Level 3 — Per-agent monthly cap (NEW)
Each agent config has an optional monthlyBudgetCapUsd. This is a rolling calendar-month ceiling — it limits how much any single agent role can spend across all tasks for a tenant within the month.
Before dispatching a task to an agent, the worker checks the current month’s accumulated spend for that agent role:
async function checkAgentMonthlyBudget(
tenantId: string,
agentRole: AgentRole,
estimatedCallCost: number,
): Promise<'ok' | 'warning' | 'exceeded'> {
const config = await db.query.agentConfigs.findFirst({
where: and(eq(agentConfigs.tenantId, tenantId), eq(agentConfigs.role, agentRole)),
});
if (!config.monthlyBudgetCapUsd) return 'ok';
const spend = await db.query.agentMonthlySpend.findFirst({
where: and(
eq(agentMonthlySpend.tenantId, tenantId),
eq(agentMonthlySpend.agentRole, agentRole),
eq(agentMonthlySpend.month, startOfMonth()),
),
});
const currentSpend = spend?.totalCostUsd ?? 0;
const usagePct = currentSpend / config.monthlyBudgetCapUsd;
if (currentSpend + estimatedCallCost > config.monthlyBudgetCapUsd) {
await pauseAgent(tenantId, agentRole, 'monthly_budget_exceeded');
await notifyBudgetBreached({ level: 'agent', agentRole, tenantId });
throw new BudgetCapExceededError(`Agent ${agentRole} monthly budget of $${config.monthlyBudgetCapUsd} exceeded`);
}
if (usagePct >= 0.8) return 'warning'; // caller injects prompt warning (see below)
return 'ok';
}When an agent is paused by monthly budget, only that agent role is paused for that tenant. Other agents continue working. The agent resumes automatically on the 1st of the next month.

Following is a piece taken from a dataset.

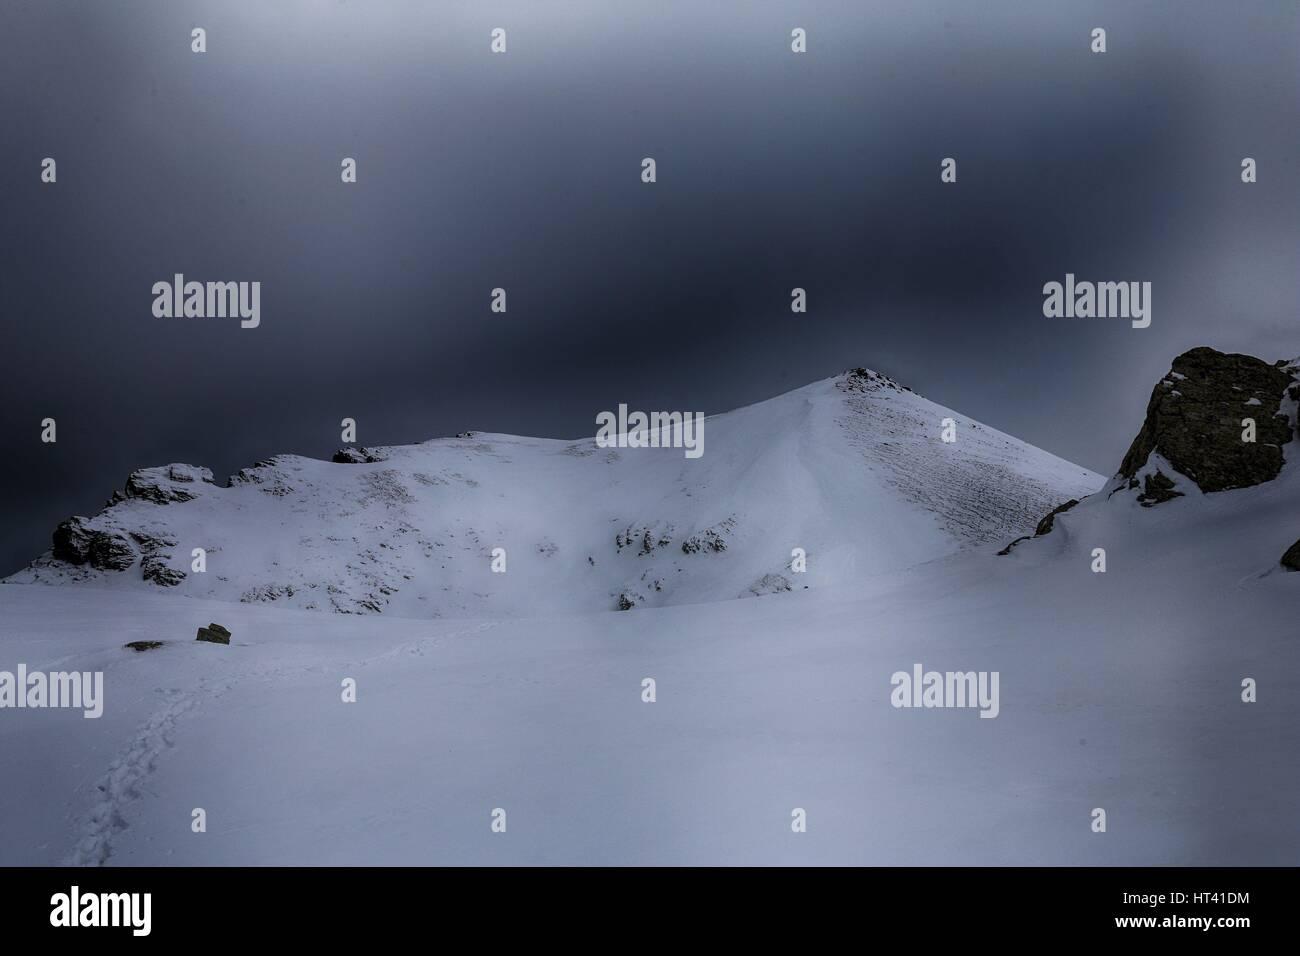 Rudoka / Maja e Njeriut the highest peak of Kosovo on the border with Macedonia in winter - Stock Image

Level 4 — Tenant monthly cap (NEW)
The tenants.monthlySpendCapUsd field defines the total monthly LLM spend ceiling for the tenant across all agents. Checked before every task dispatch:
async function checkTenantMonthlyBudget(tenantId: string, estimatedCallCost: number): Promise<void> {
const tenant = await db.query.tenants.findFirst({ where: eq(tenants.id, tenantId) });
if (!tenant.monthlySpendCapUsd) return;
const usagePct = tenant.currentMonthSpendUsd / tenant.monthlySpendCapUsd;
if (tenant.currentMonthSpendUsd + estimatedCallCost > tenant.monthlySpendCapUsd) {
// Pause ALL agent queues for this tenant
await pauseAllAgentsForTenant(tenantId, 'tenant_monthly_budget_exceeded');
await notifyBudgetBreached({ level: 'tenant', tenantId });
throw new BudgetCapExceededError(`Tenant monthly budget of $${tenant.monthlySpendCapUsd} exceeded`);
}
if (usagePct >= 0.8) {
// One-time alert — deduplicated per day
await sendBudgetWarning({ level: 'tenant', tenantId, usagePct });
}
}When the tenant cap is hit, all agent queues for that tenant are drained. No new tasks are dispatched until the cap is raised (by the tenant admin or super admin) or the month resets.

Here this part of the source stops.